Don’t feel guilty about disposable nappies, I have seen granola munching, Prius driving greenies last about 3 weeks on cloth before relenting.

  • Don’t stress and obsess about if they are getting enough milk or not if you are exclusively breastfeeding. If they are following that normal growth curve, its all good. Also, don’t weigh them every single day like I did.

  • Like someone else said… if for some reason you have to switch to formula, it is fine. You haven’t failed as a parent.

  • There will a few poop explosions no matter how efficient you get at putting that diaper on.

  • Depending on your baby, feeding on demand, especially at night, is fine.

  • As much as you can, sleep when the baby sleeps.

  • Trust your partner or other caregivers and let go and take some time to yourself when it’s being offered.

*The TV is a magical device that can give you enough time to shower or put away laundry.

*Babycarriers are great, if you can find a comfortable one- happy baby, and parents with free hands.

*The amount of sleep you can do without is amazing.

*Takeout is worth it some nights, even if you were going to cook a nutritionally balanced healthy meal.

Kissing babies can be the most absorbing activity in the world. A couple of days ago I was holding my babies, and Ithink* I was supposed to pay attention to something else, but I started kissing their little fuzzy heads and didn’t stop for about a minute.

*Some kids are crappy sleepers. Many don’t consolidate their naps into anything longer than twenty minutes until they’re eight or ten months old.

Congratulations! The first few months are so full of change that it’s unbelievable. Enjoy!

I never expected that I’d have to eat many of my meals in a room separated from my 20-month-old by a locked gate. If I try to just eat at the dining room table, and he’s in the same half of the house, he’ll climb up on the table and steal my food and drink as I’m eating it.

My mother would always introduce me as her baby (youngest of 4). She did this when I brought my newborn daughter to visit.

She (to friend): “And this is my baby, AWB.”
Me: “I’m 428 months old!”

Like anything involving human beings, this will vary. Middlebro liked hearing a different story each night and would often fall asleep before I’d gone past the third page; Littlebro wanted The Three Little Piggies, he wanted it told His Way (which did not exactly match either of the two books we had), and would take over and finish telling it as soon as I made a mistake - and tell it to the end, and explain why what I’d said wrong was wrong. And then he’d lie back on his pillow, wiggle a bit and fall asleep. By the time Littlebro started demanding His story, they were already sharing: I’d read Middlebro down first, then go over to Mr Demands’ bed.
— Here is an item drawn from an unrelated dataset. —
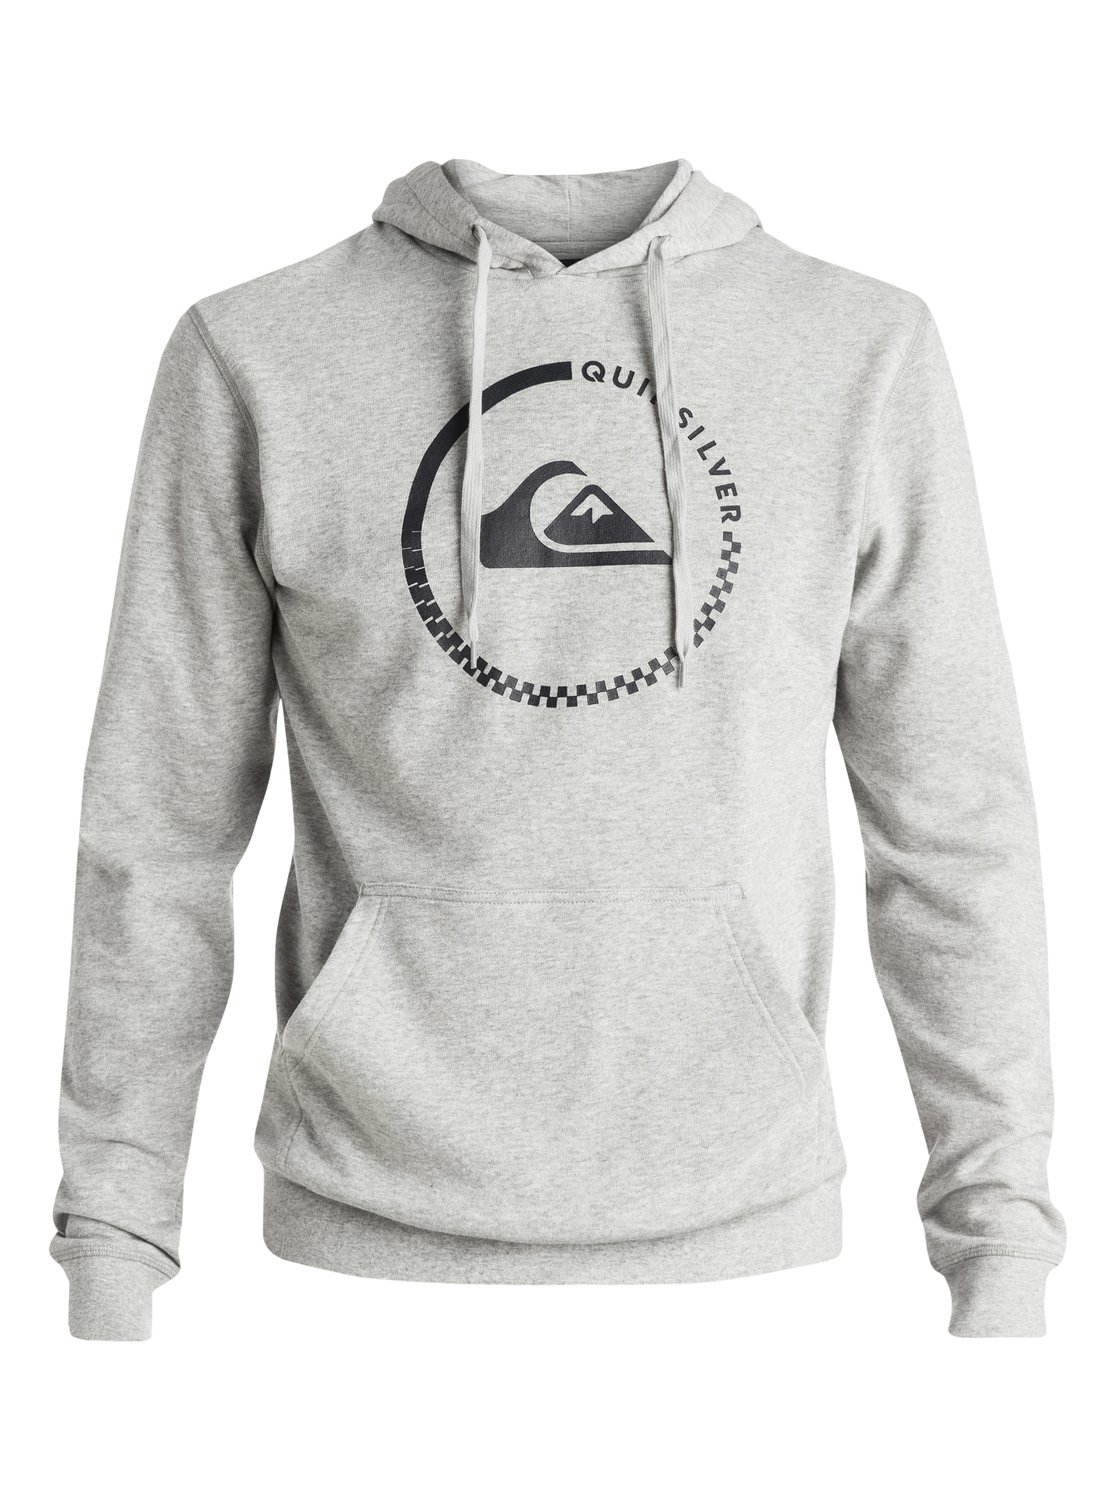 Everyday Active Check - Hoodie - Quiksilver<br>

My daughter will be one year old next week, and I would like to double that figure… at least. :rolleyes:

What’s so frustrating is that she’s generally the smiliest, happiest baby you can imagine, but no matter how happy and relaxed she seems to be before bedtime, every single night she has to go through a screaming tantrum of anywhere between five minutes and an hour and a half before she will go to sleep.

I hate sleep and small children. My oldest didn’t sleep through the night till he was two.
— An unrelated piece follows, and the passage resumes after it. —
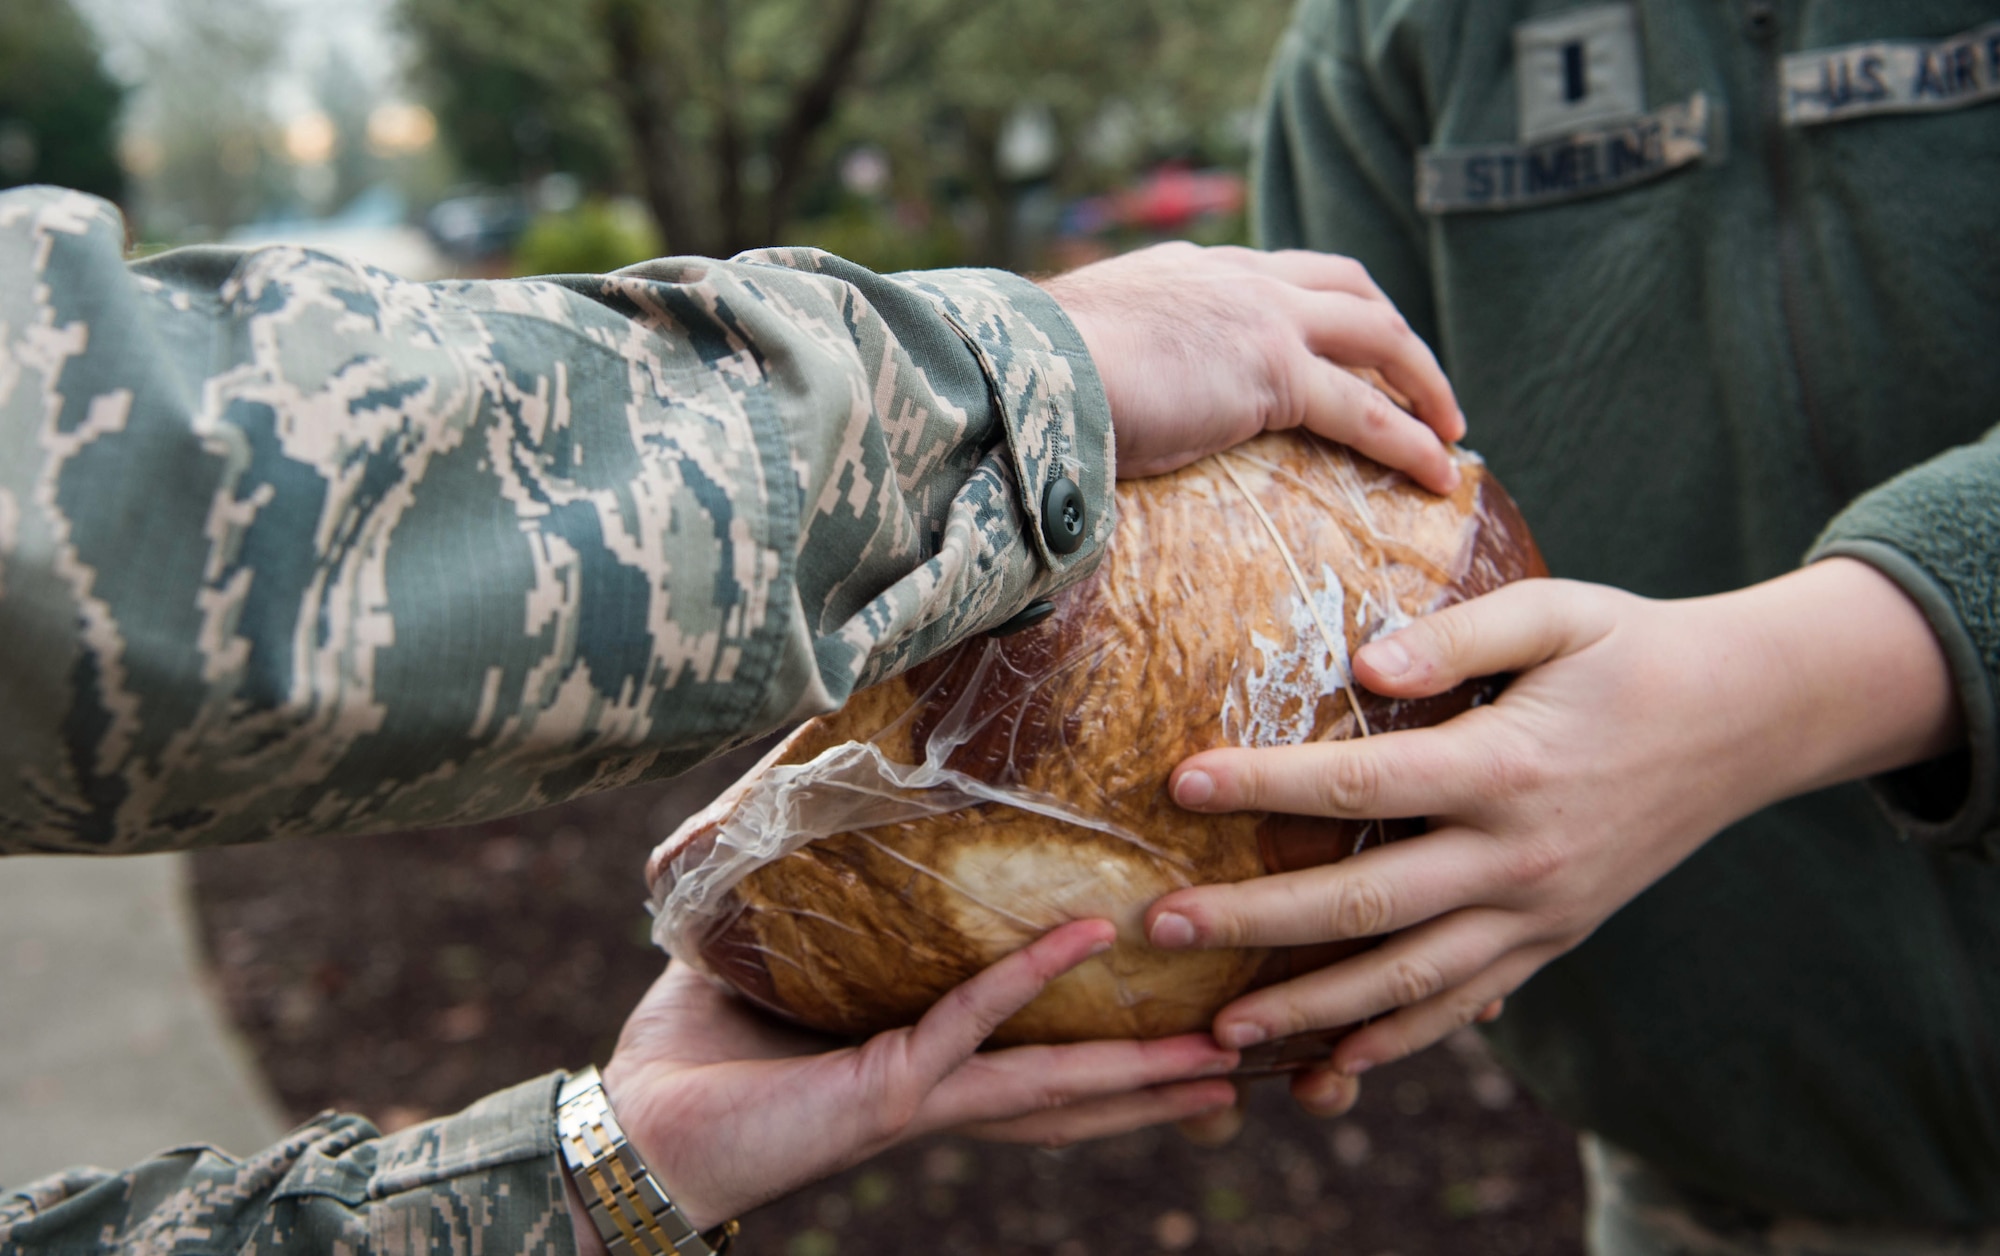 1st Lt. Lindsey Stimeling, 62nd Airlift Wing executive officer, hand a ham to a fellow Airmen during Operation Ham Grenade at Joint Base Lewis-McChord, Wash., Dec. 17, 2019. The Air Force Association McChord Field Chapter and Pierce Military Business Alliance donated the hams for Team McChord Airmen and their families. (U.S. Air Force photo by Senior Airman Tryphena Mayhugh)

And since we’re talking about babies and sleep… if you end up with one that won’t sleep through the night at an age when you think they oughta, your only recourses are (1) Ferberizing and (2) taking away crutches that could interrupt their sleep, like pacifiers. You may be surprised at how effective these methods are. Or they might not work at all, and then you just have to put up with it.

You might, for example, end up with the child who screams and screams and screams…and then triggers their vomit response and covers their surroundings in puke. And then - because they really really really hate puking - they start the whole cycle all over again. Or so I’ve heard. :smack:

In my more exhausted moments I’ve wondered why we’ve invented disposable diapers but not disposable vomit catchers. I eventually realize why this would be a Bad Idea. :wink:

There are little absorbent paper pads that the hospital sends you home with, supposedly for changing diapers on. They could count as disposable vomit-catchers. We put receiving blankets down on top of the crib sheet to catch the effluvia, until she got old enough to pull the blanket up. She never vomited in bed, though. No, that always happened seconds before we laid her down, when we had her in our arms, wearing clean jim-jams and a clean sleep-sack and with her special dolly clutched in her arms.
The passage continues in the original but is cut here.